Keep Trying, Keep Failing
I recently read Brené Brown’s Dare to Lead, and when I got to the part on “empathy fails,” I almost gave up. I’ve done them all. Made every mistake. Failed in every way there is to fail. And I’m supposed to be a communication expert! I was so discouraged that for a split second I was ready to give up not only on the book, but on my career and all relationships, too.
Not that I’m melodramatic or anything.
But here’s the wonderful and terrible thing about communication: It’s a skill. And all skills require practice. That’s wonderful, because that means anyone can improve if you’re willing to work. Terrible because … it requires work.
In the Information Age, we don’t like the idea of practice. We expect to see and then know. Once something is in your head, it should show up in your life, right? You read the blog. You watched the video. You even attended a training! You ask, “Why can’t I DO this yet? “
But you don’t actually become skilled at something until you do it, use it, try it and fail at it over and over and over again. Almost everything you do in life is learned behavior. Right now, aren’t you reading this blog? There was a time you couldn’t read. Did you take a step today? There was a time you couldn’t walk. Did you use a toilet today? Congratulations! There was a time you weren’t potty trained. And all of those “skills” that you take for granted today took time, effort, attention, and practice before you could do them consistently. (Thank goodness you were willing to work at the potty training!)
As Daniel Coyle points out in his book The Talent Code, “A skill, once gained, feels utterly natural, as if it’s something we’ve always possessed.” That’s because the more you practice the skill, the more insulation (myelin, in neuroscience terms) your brain gives that circuit. But in the beginning, the new skill feels anything but natural! Says Coyle, “Struggle is not optional—it’s neurologically required: in order to get your circuit to fire optimally, you must by definition fire the circuit sub-optimally; you must make mistakes and pay attention to these mistakes; you must slowly teach yourself your circuit. You must also keep firing the circuit—i.e., practicing—in order to keep myelin functioning properly.”
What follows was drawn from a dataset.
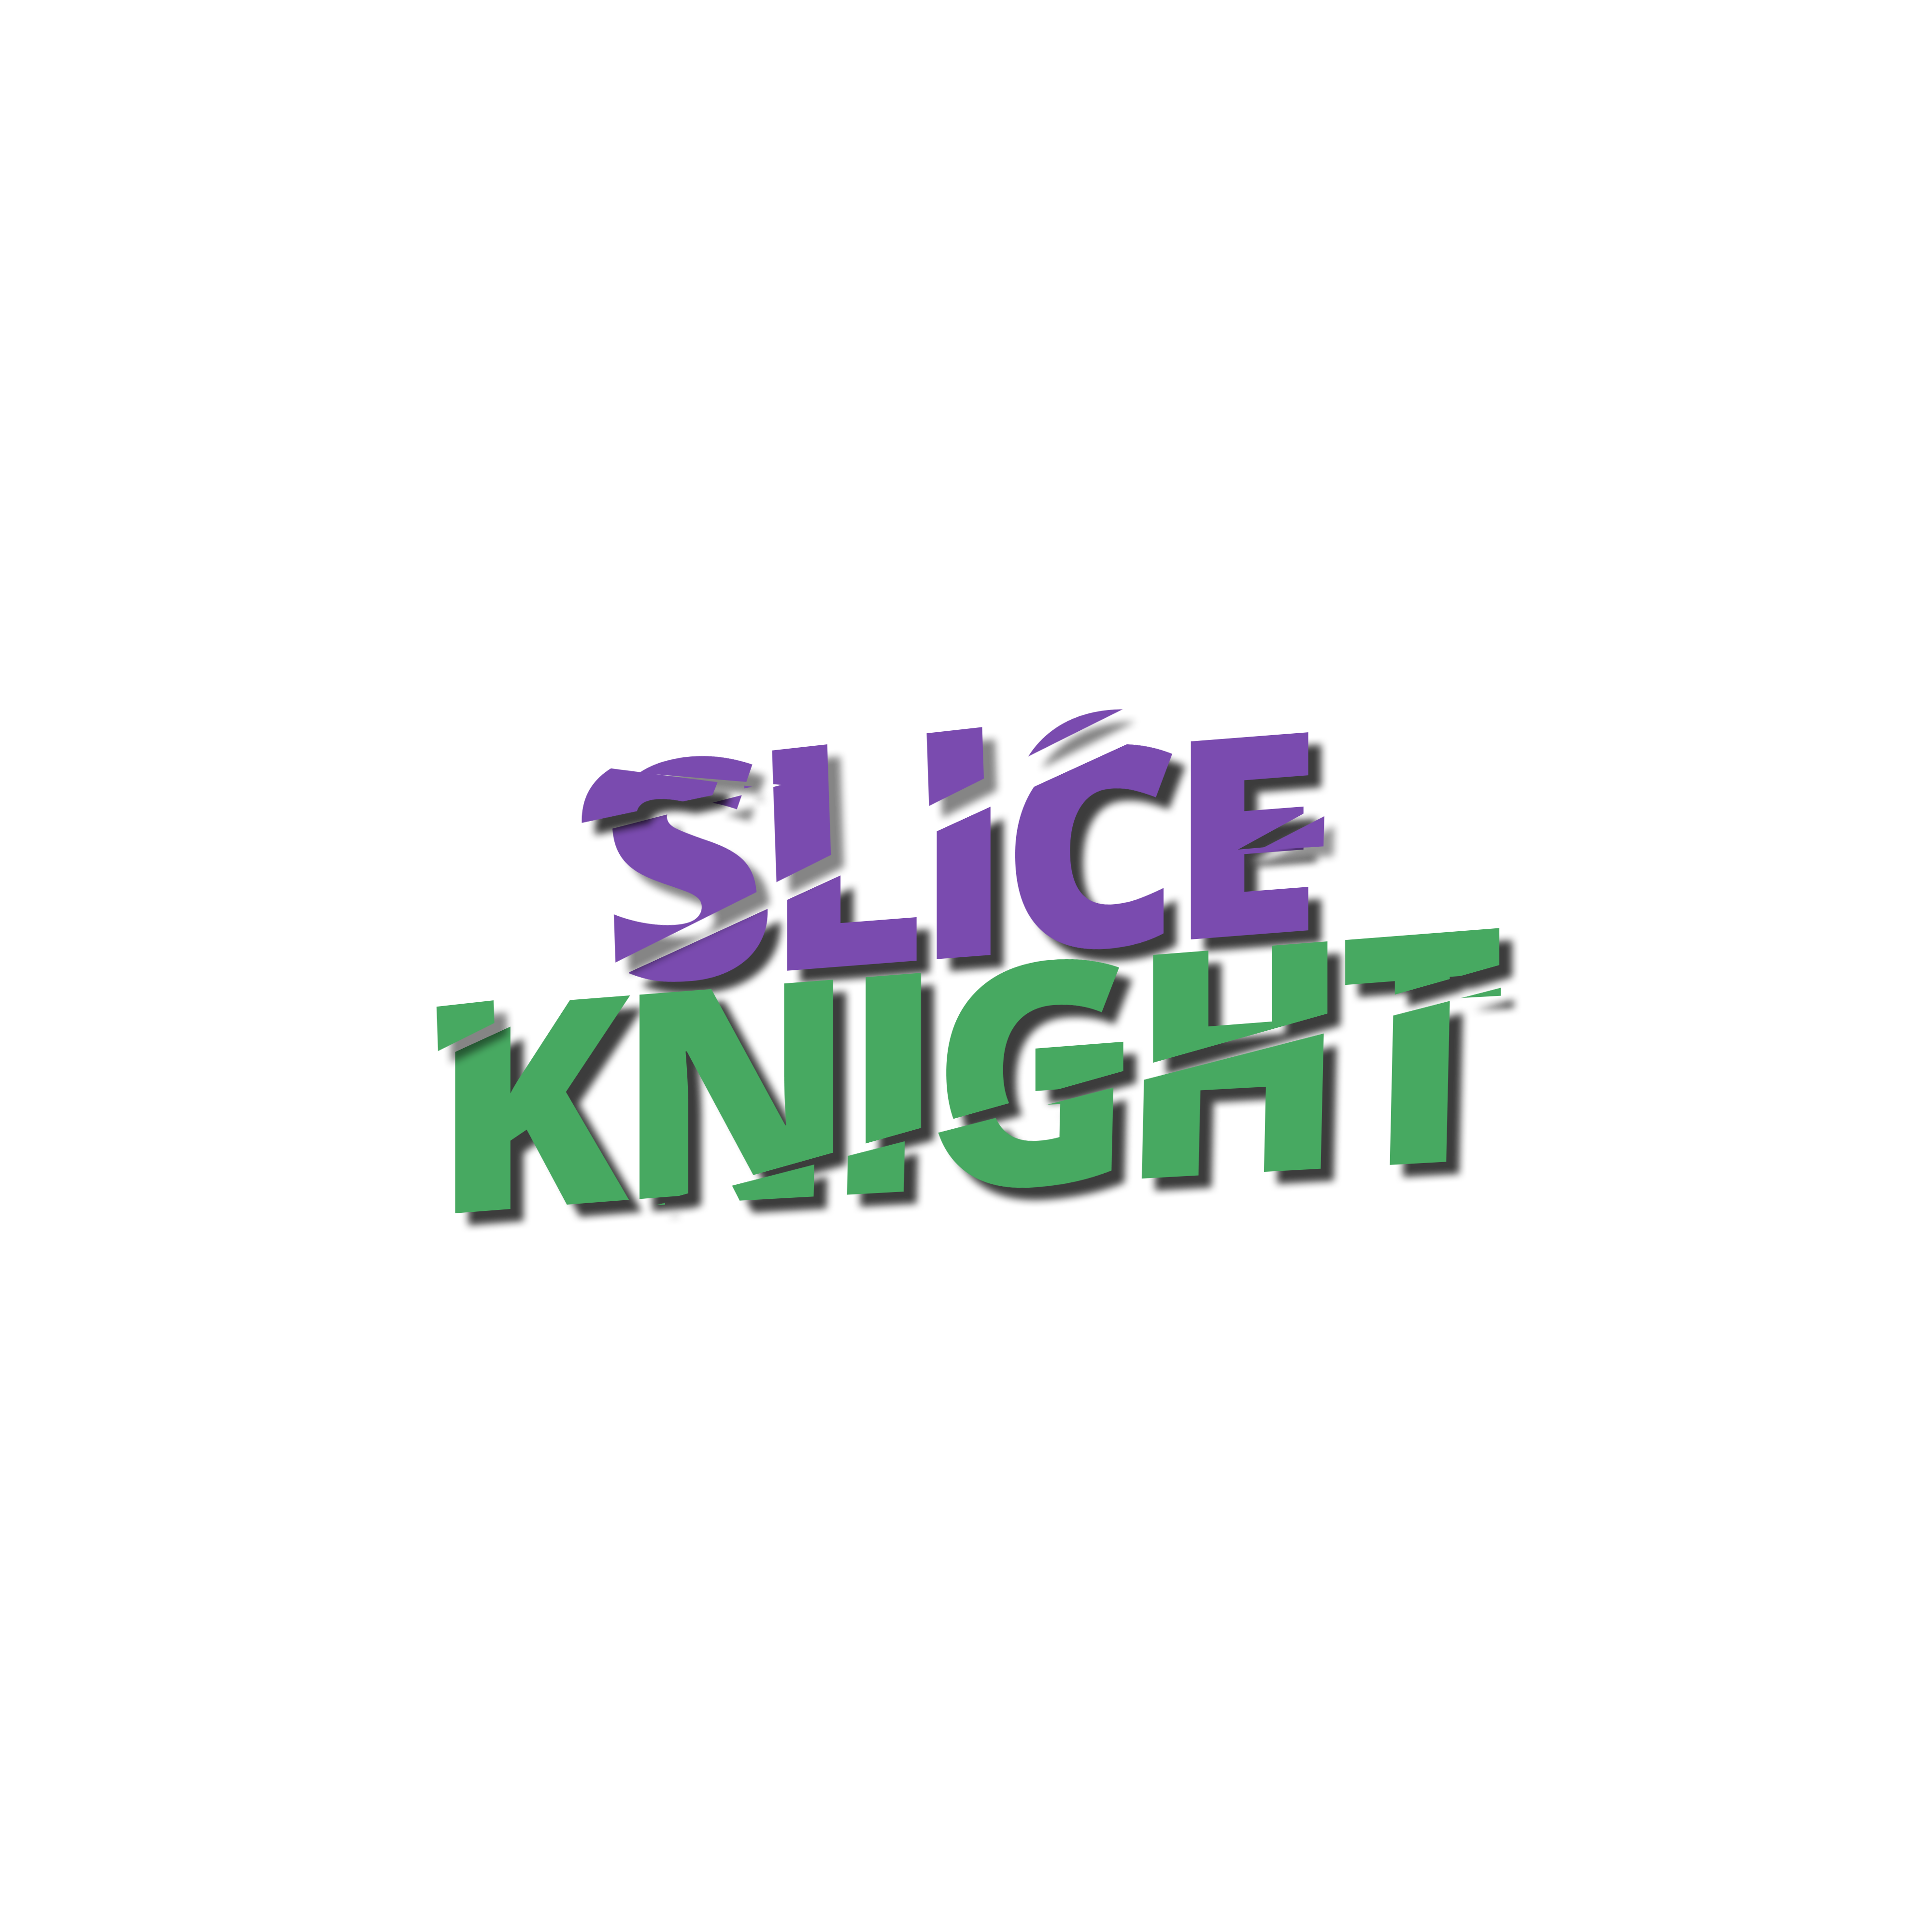 Slice Knight

This is what makes “the greats” in any field great. They constantly hone their craft. They push their limits, notice their mistakes, fix them… and try again. They read. They watch videos. They attend trainings. And then they put that knowledge to WORK, imperfectly at first. They struggle.
If you want to be a great leader (or a great manager, a great salesperson, a great lawyer, a great teacher…), you need to learn and practice excellent communication skills until they become habit. Breathing, pausing, gesturing, claiming space… to get these skills in your life, you need to try them, fail at them, and try them again.
Understanding a concept won’t change your life. Applying it to your life will. But that’s a vulnerable position to put yourself in, because you will screw up sometimes. Great leaders always do their best, and they understand that sometimes their best is still pretty crappy. But if you keep working, keep trying, keep applying, keep fixing, keeping honing, eventually your best can become THE Best.